WASHINGTON (7/9/14)--A clarification has been issued to mortgage lending rules that states when a borrower dies, the name of the borrower's heir generally may be added to the mortgage without triggering the Consumer Financial Protection Bureau's ability-to-repay rule. The clarification, issued by the CFPB, is meant to help surviving family members who acquire title to a property to take over their loved one's mortgage.
"Losing a loved one should not mean also losing your home. Today's interpretive rule makes it clear that when family members inherit property, they can take over the mortgage without jumping through unnecessary hoops," said CFPB Director Richard Cordray. "This gives heirs an opportunity to work with the lender to pay off the loan or seek a loan modification."
If a property is legally transferred from family members to their heirs with an outstanding loan still on the property, there can be consequences if the heir cannot add their name to the mortgage. For example, a creditor can deny a loan modification on the grounds that the heir is not officially named on the mortgage.
Since an heir has already acquired the title to the home, the new rule allows the heir's name to be added to the title without triggering the ability-to-repay requirements. The ability-to-repay rule requires lenders make a reasonable, good-faith determination that prospective borrowers have the ability to repay their loans.

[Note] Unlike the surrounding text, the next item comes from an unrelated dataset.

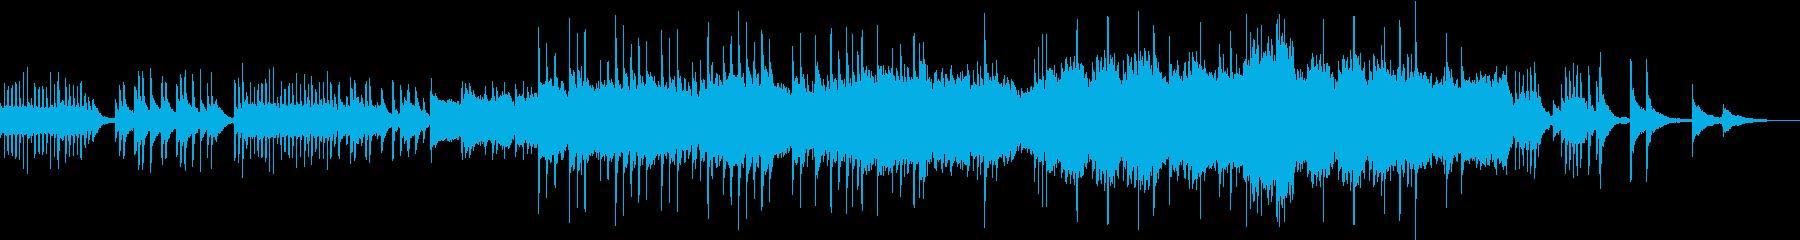 ピアノとストリングスの感動的なバラードの再生済みの波形
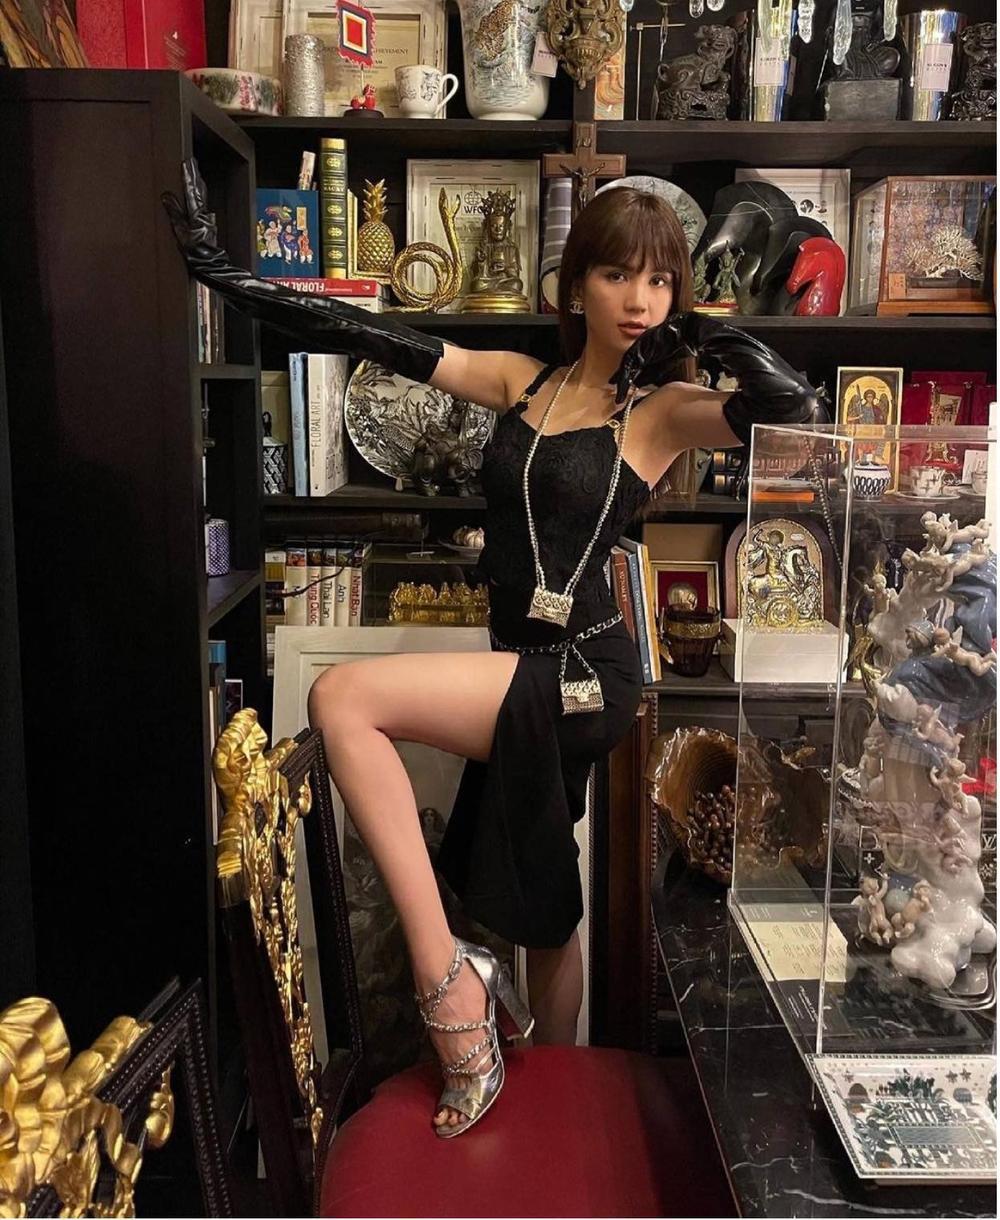 Ngọc Trinh khoe dáng 'nóng hổi' với váy đen huyền bí, loạt phụ kiện bắt mắt mới là đỉnh cao sang chảnh Ảnh 2

In addition, the rule does not require the creditor to determine the heir's ability to repay the mortgage before formally recognizing the heir as the borrower. As the named borrower, the heir may more easily be able to obtain account information, pay off the loan, or seek a loan modification.
The rule can also apply to other family-related transfers, including transfers to living trusts, transfers during life from parents to children and transfers resulting from divorce or legal separation.
Cordray also issued a memo Tuesday clarifying that the CFPB, to the extent permitted by federal law, "recognizes all lawful marriages valid at the time of the marriage in the jurisdiction where the marriage was celebrated."
This rule means any terms used in laws, regulations and policies administered by the CFPB related to family and marital status shall now include lawful same-sex marriages and lawfully married same-sex spouses. This includes the Equal Credit Opportunity Act, Fair Debt Collection Practices Act, Truth in Lending Act and Real Estate Settlement Procedures Act.